HORACE CAMPBELL
Campbell is professor of African American studies and political science at Syracuse University and is currently working on a book on AFRICOM (United States Africa Command). He said today: “U.S. involvement in the Libyan bombing is being turned into a public relations ploy for AFRICOM. AFRICOM is fundamentally a front for U.S. military contractors like Dyncorp, MPRI and KBR operating in Africa. U.S. military planners who benefit from the revolving door of privatization of warfare are delighted by the opportunity to give AFRICOM credibility under the facade of the Libyan intervention. No African country has agreed to let AFRICOM onto the continent. It has 1,500 people operating out of Stuttgart, Germany.

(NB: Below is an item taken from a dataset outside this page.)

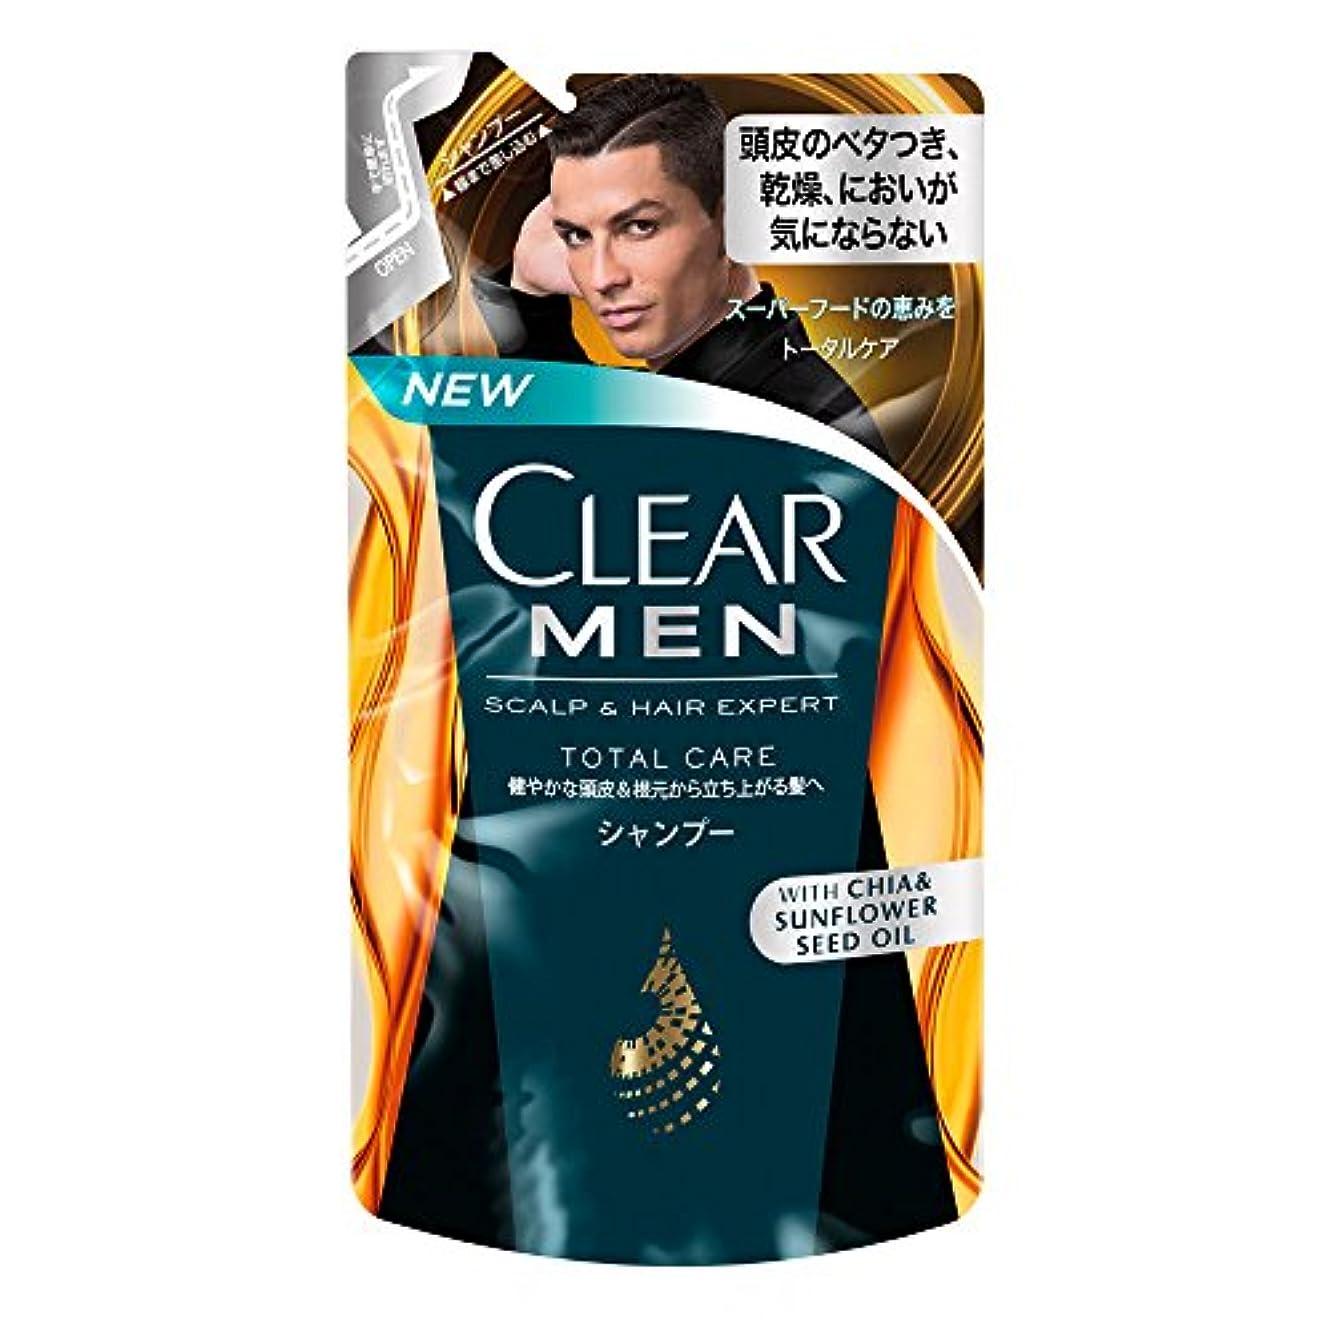 養う過半数評価可能クリア フォーメン トータルケア 男性用シャンプー つめかえ用 (健やかな頭皮へ) 280g

If Libya is indeed partitioned, that new state could provide a base for AFRICOM.
“The U.S. needs to stop bombing Libya and meaningfully work with the African Union, which (less mailable to Western interests than the Arab League) has been pushed aside. Note that Egypt and Tunisia are not among the Arab states participating in the Libya bombing. The states participating are Saudi Arabia and others that are among the most repressive Arab countries. The attack on Libya is largely being used to undermine the revolutionary gains in Egypt and prevent such changes in other Arabic and African countries.” Campbell notes that the U.S. is continuing to back Bahrain, Saudi Arabia and other oppressive Arab regimes.

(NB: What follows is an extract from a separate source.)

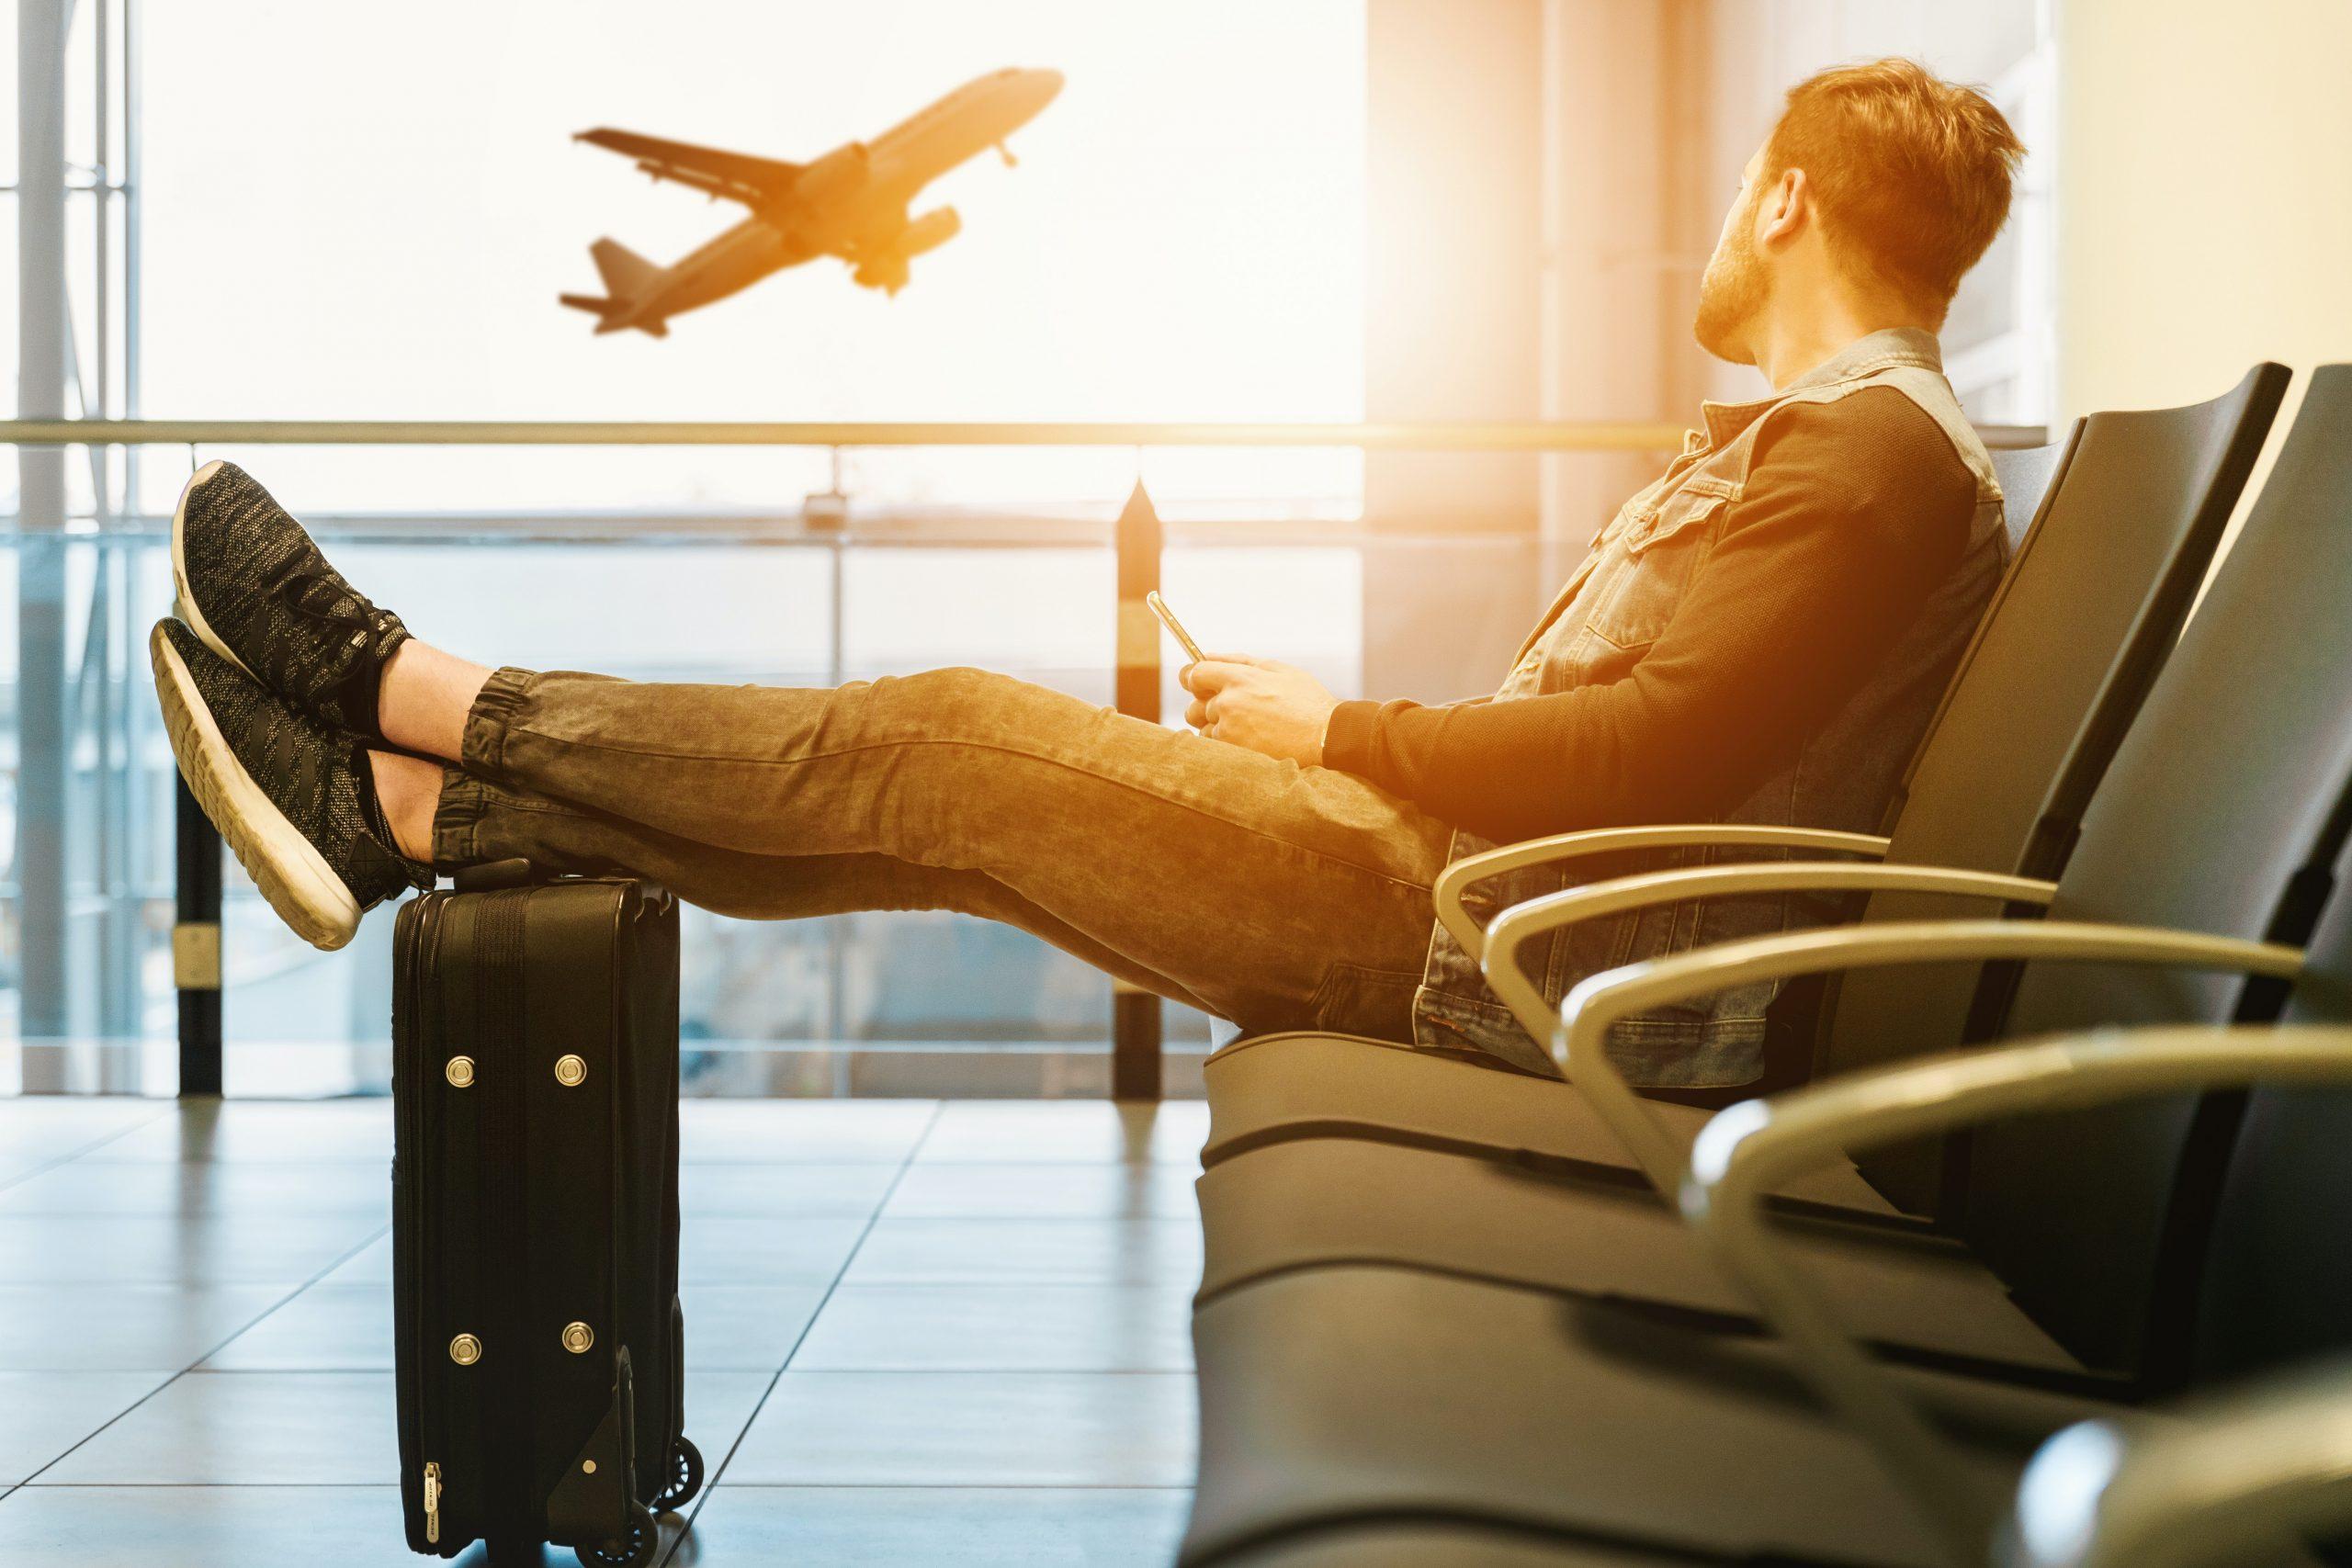 Sete dicas para evitar burlas online enquanto marca as férias

He added: “An additional problem has been racist attitudes in the discussion of so-called ‘African mercenaries’ in the Arab and Western media.”
EMIRA WOODS
Woods is co-director of Foreign Policy In Focus at the Institute for Policy Studies. She specializes in Africa. Woods said today: “AFRICOM makes its first major foray in Africa with massive air strikes on Libya. The velvet glove of humanitarian trainer has at last been taken off to reveal the fist of the military and its dominant role in U.S. Africa engagement. Established under the Bush administration and strengthened under Obama, AFRICOM has been rejected by African governments, scholars, and human rights champions. AFRICOM’s lead role in the assault on Libya will breed greater anti-Americanism while draining much needed monies and threatening civilian lives, with each bomb dropped.”